_Exercise materials_.

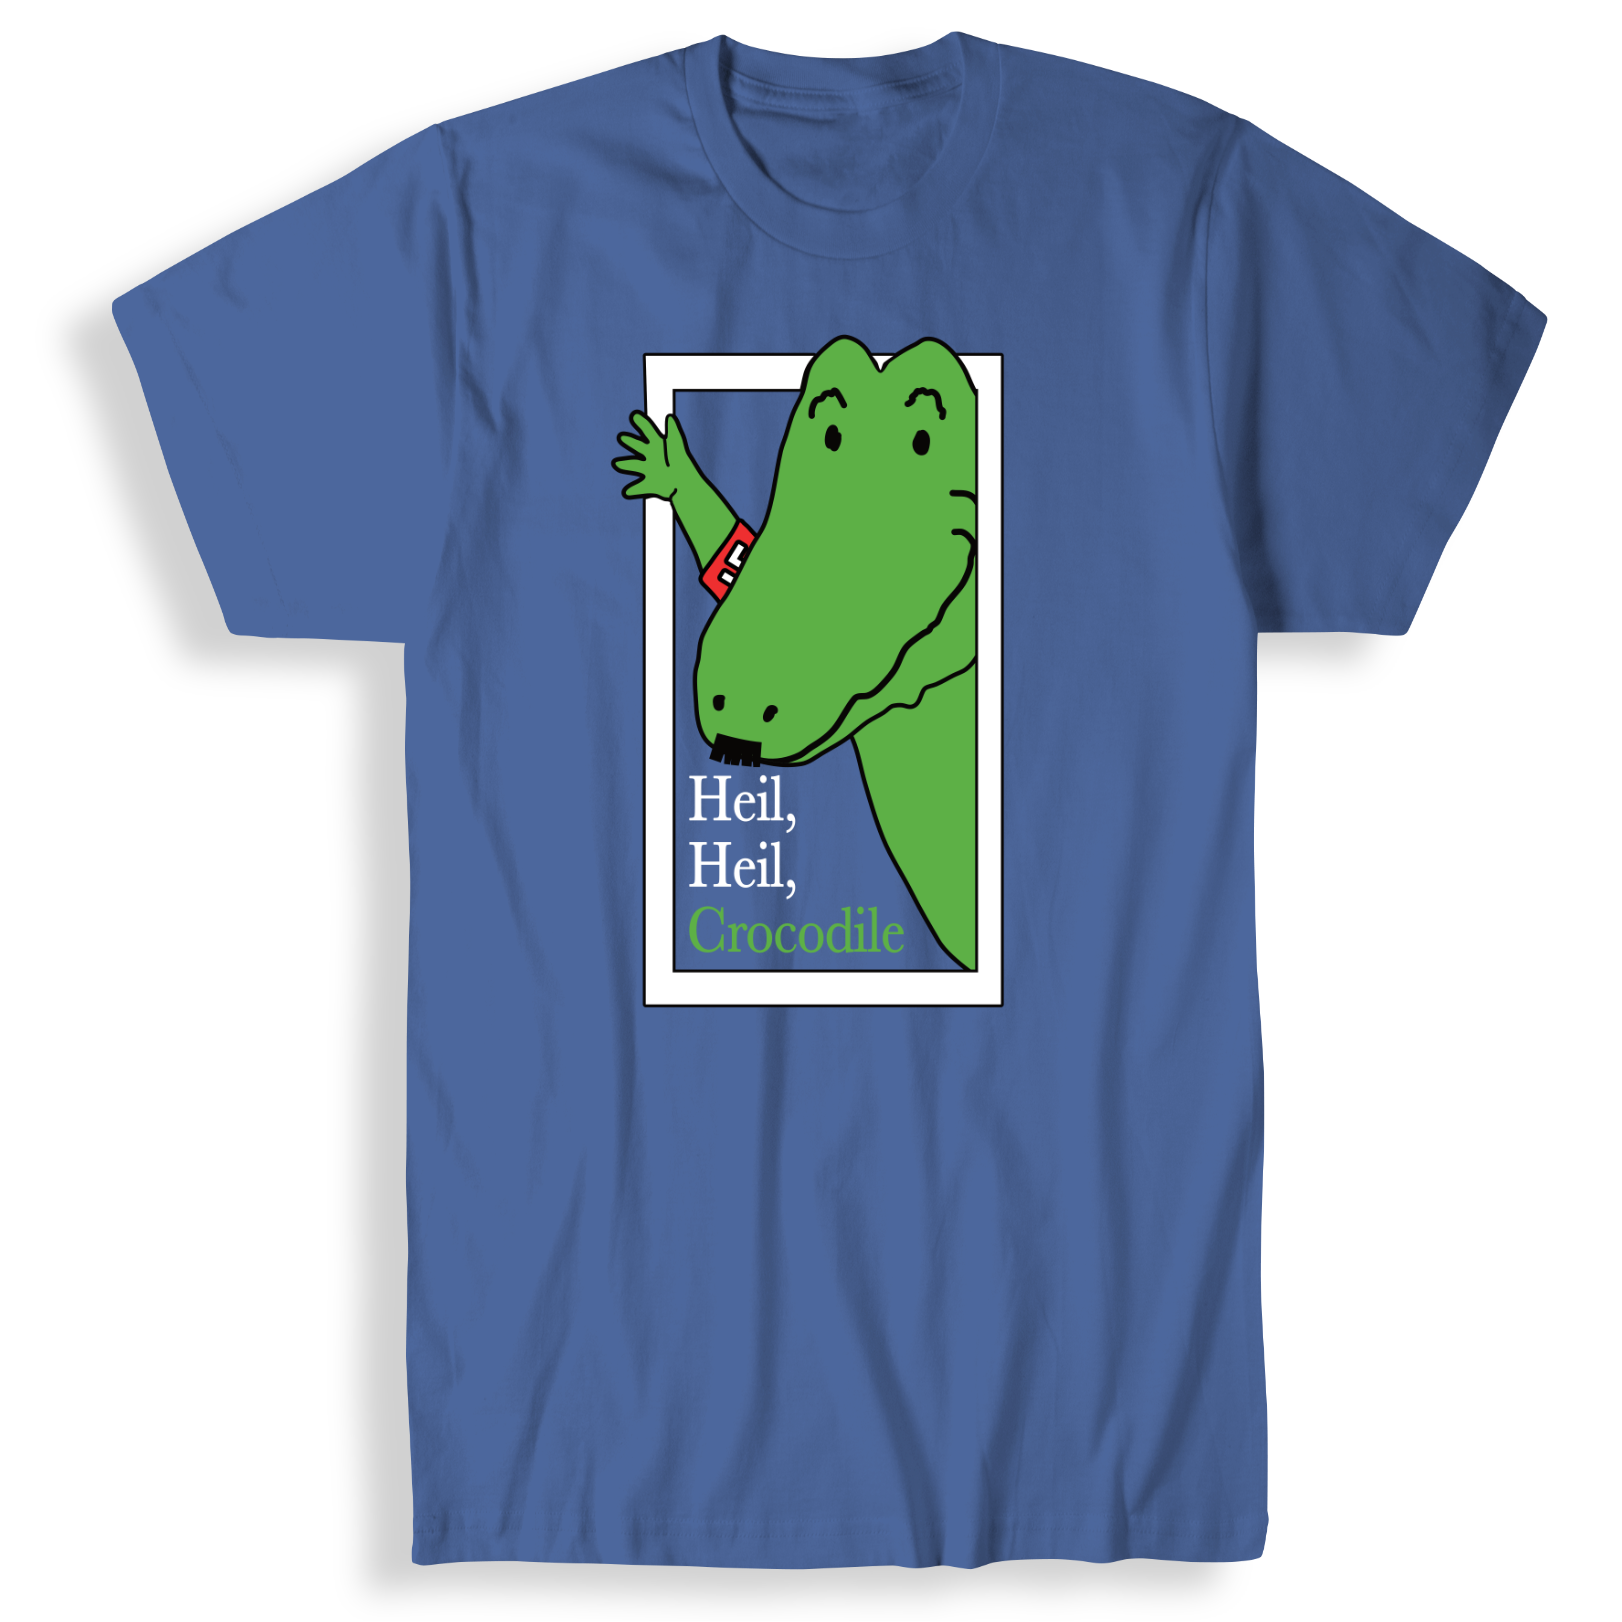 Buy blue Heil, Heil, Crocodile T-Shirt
==
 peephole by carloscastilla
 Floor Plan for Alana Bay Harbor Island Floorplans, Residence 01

_Requirement_. Using the data above, reproduce exactly the lines between those holding "peephole by carloscastilla" and "Floor Plan for", inclusive, and no others.

_Result of the task_.
 peephole by carloscastilla
 Floor Plan for Alana Bay Harbor Island Floorplans, Residence 01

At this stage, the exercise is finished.